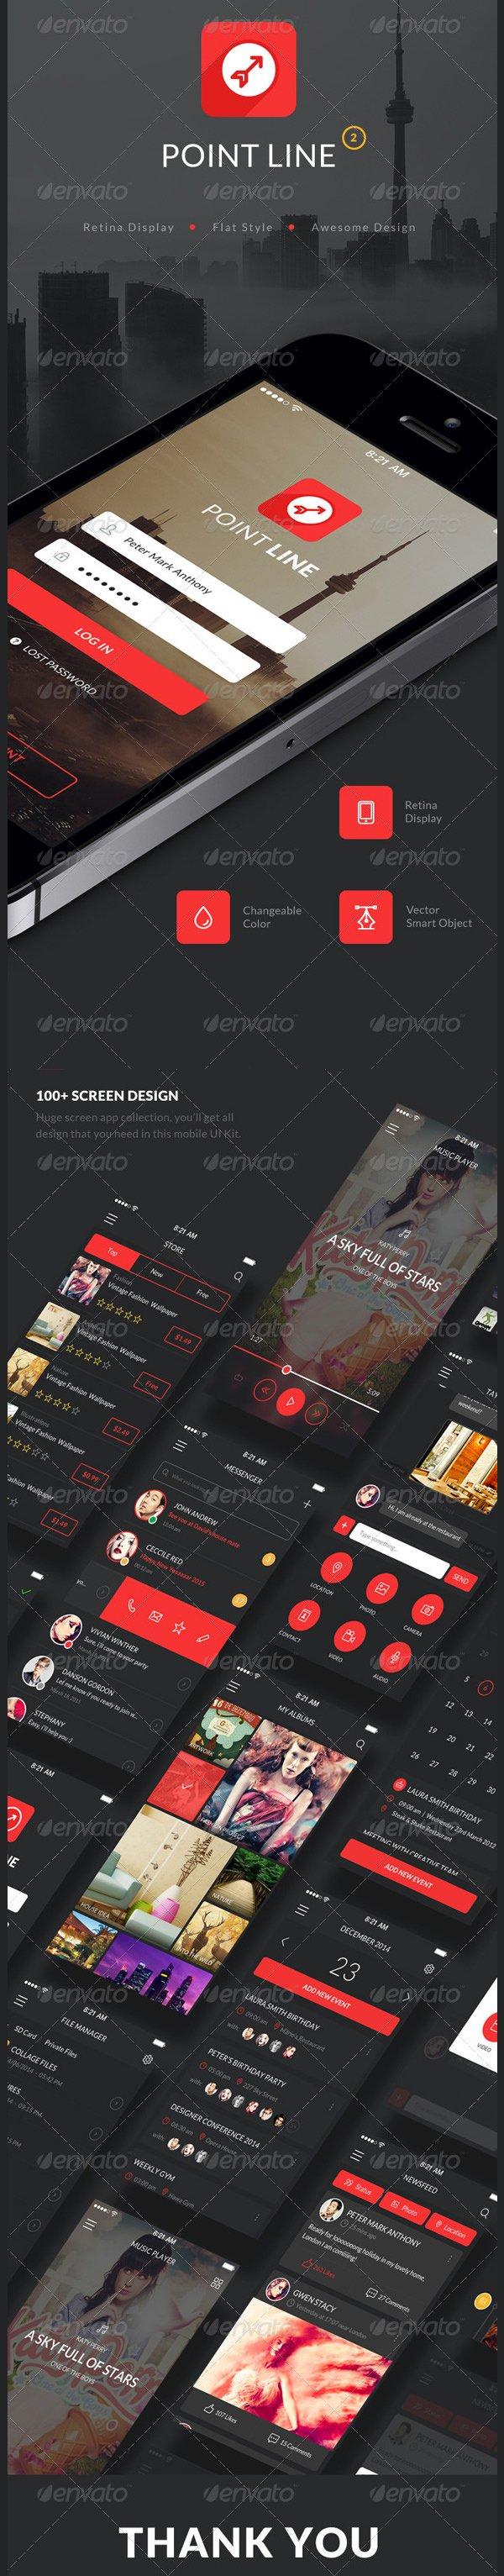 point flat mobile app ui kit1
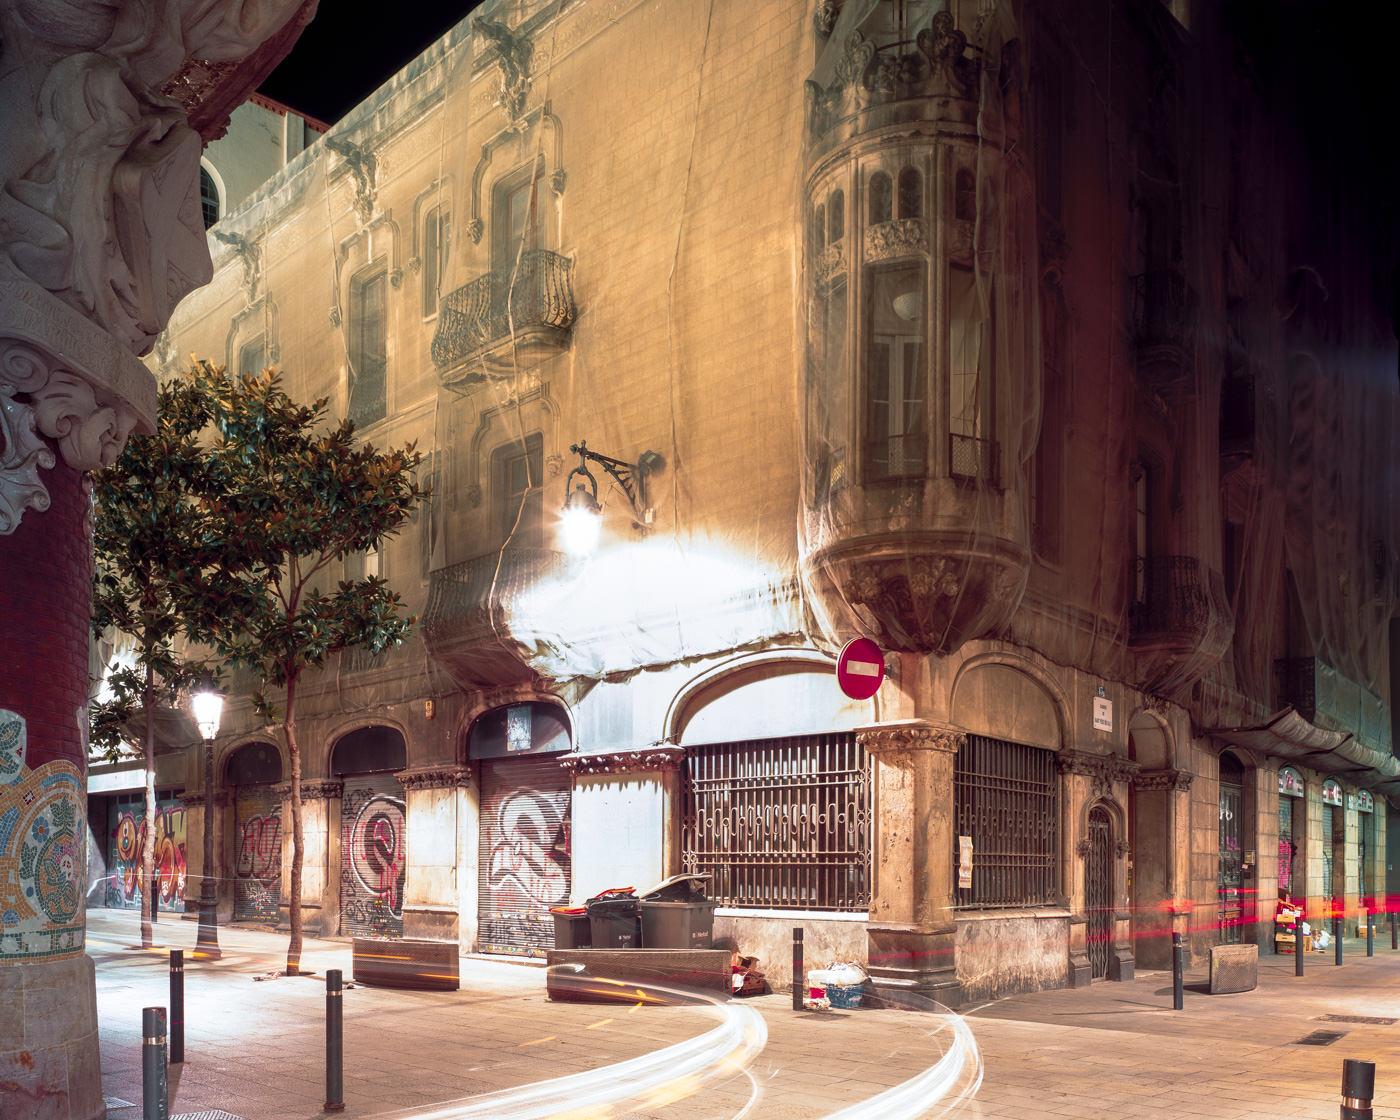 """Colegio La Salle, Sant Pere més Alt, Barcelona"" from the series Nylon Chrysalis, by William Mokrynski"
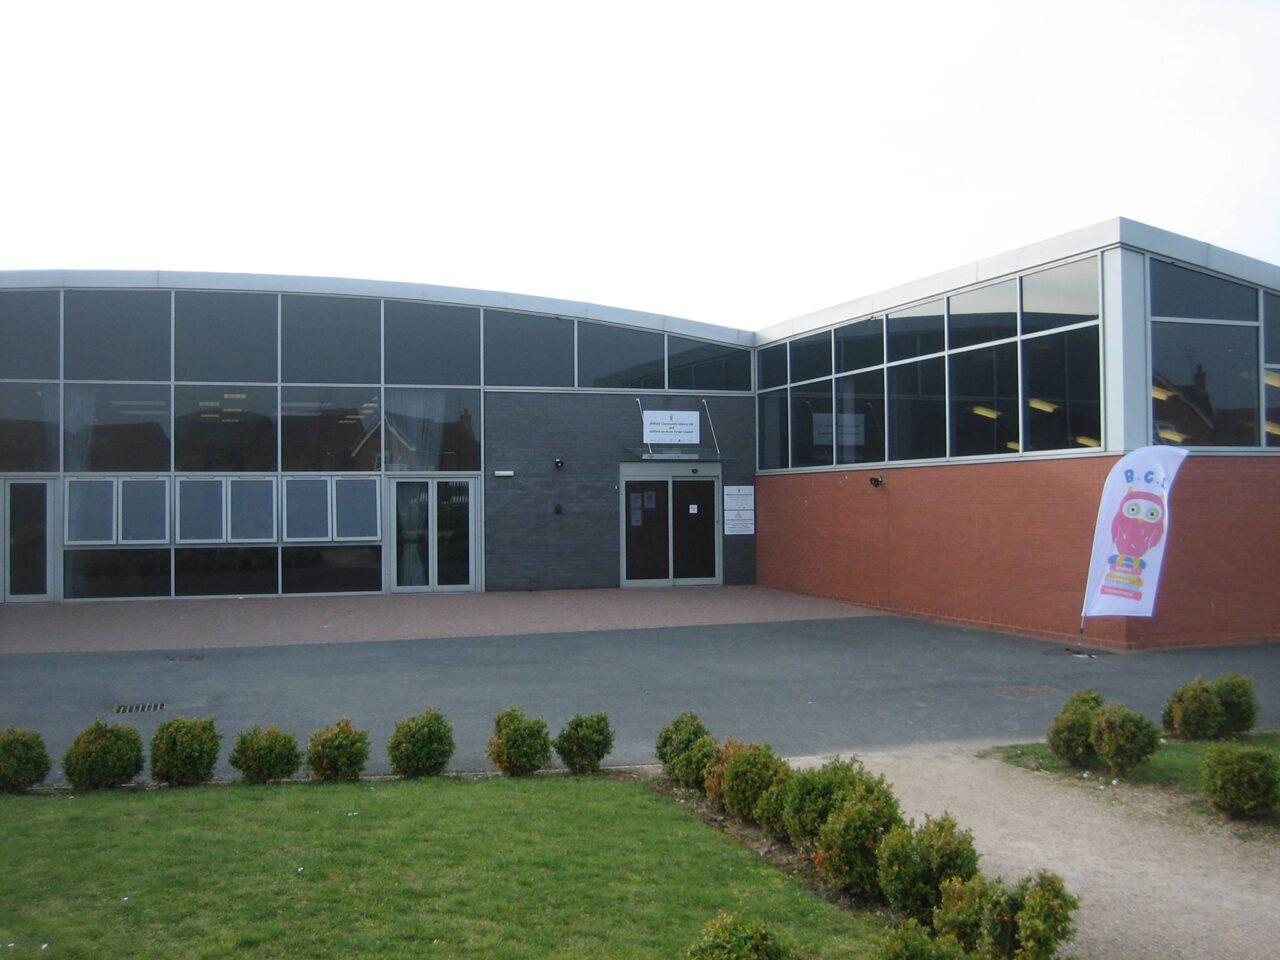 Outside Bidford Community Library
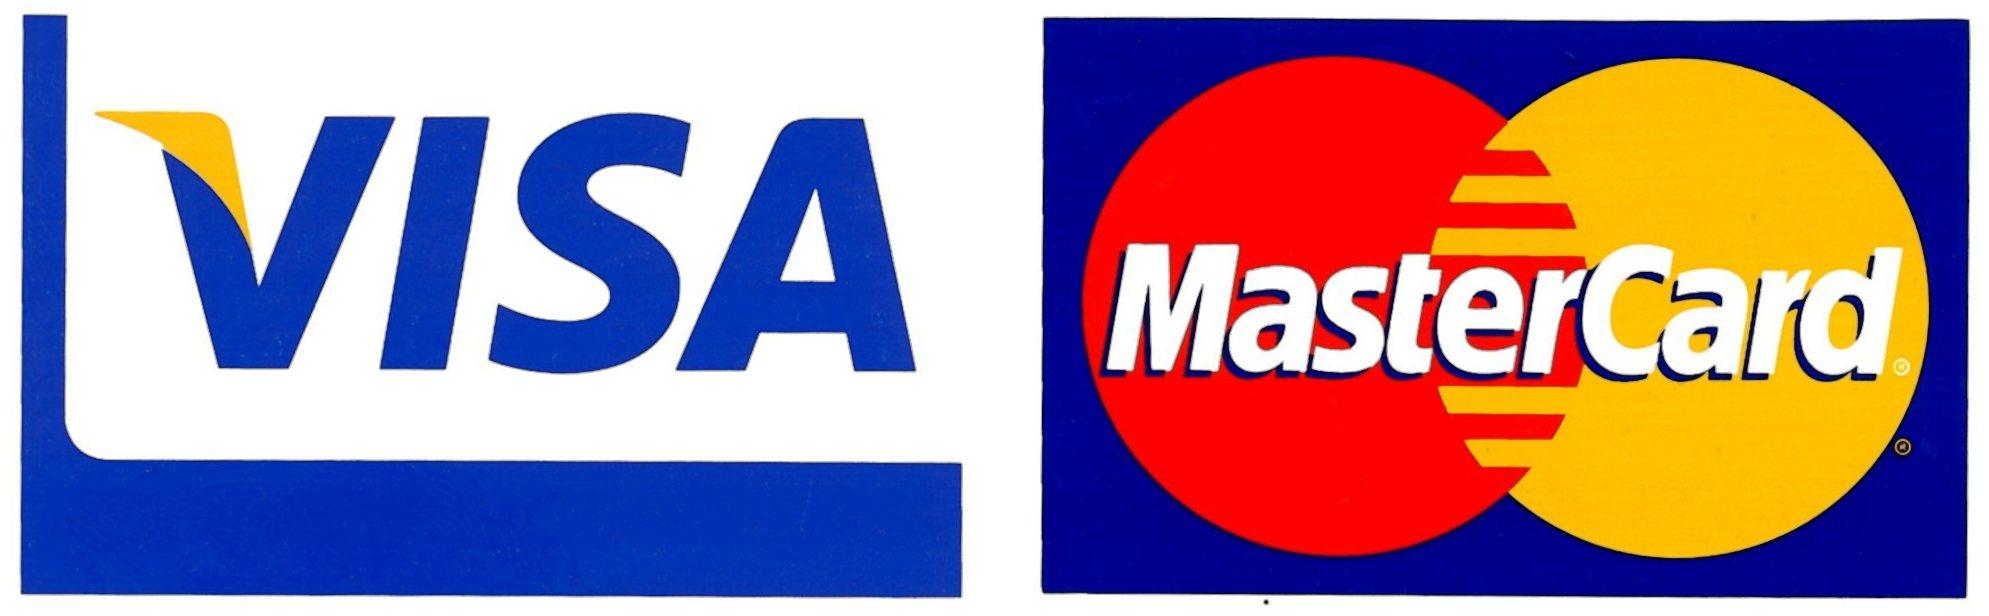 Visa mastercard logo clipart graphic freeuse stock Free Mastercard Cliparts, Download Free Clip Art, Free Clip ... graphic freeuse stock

ASSIGNED TASK:
These lines alone form the answer: the one containing "La Salle, Sant" and every line after it through the end of the material, exactly as written, pictures left out.

OUTPUT OF THE EXERCISE:
 """Colegio La Salle, Sant Pere més Alt, Barcelona"" from the series Nylon Chrysalis, by William Mokrynski"
 Outside Bidford Community Library
 Visa mastercard logo clipart graphic freeuse stock Free Mastercard Cliparts, Download Free Clip Art, Free Clip ... graphic freeuse stock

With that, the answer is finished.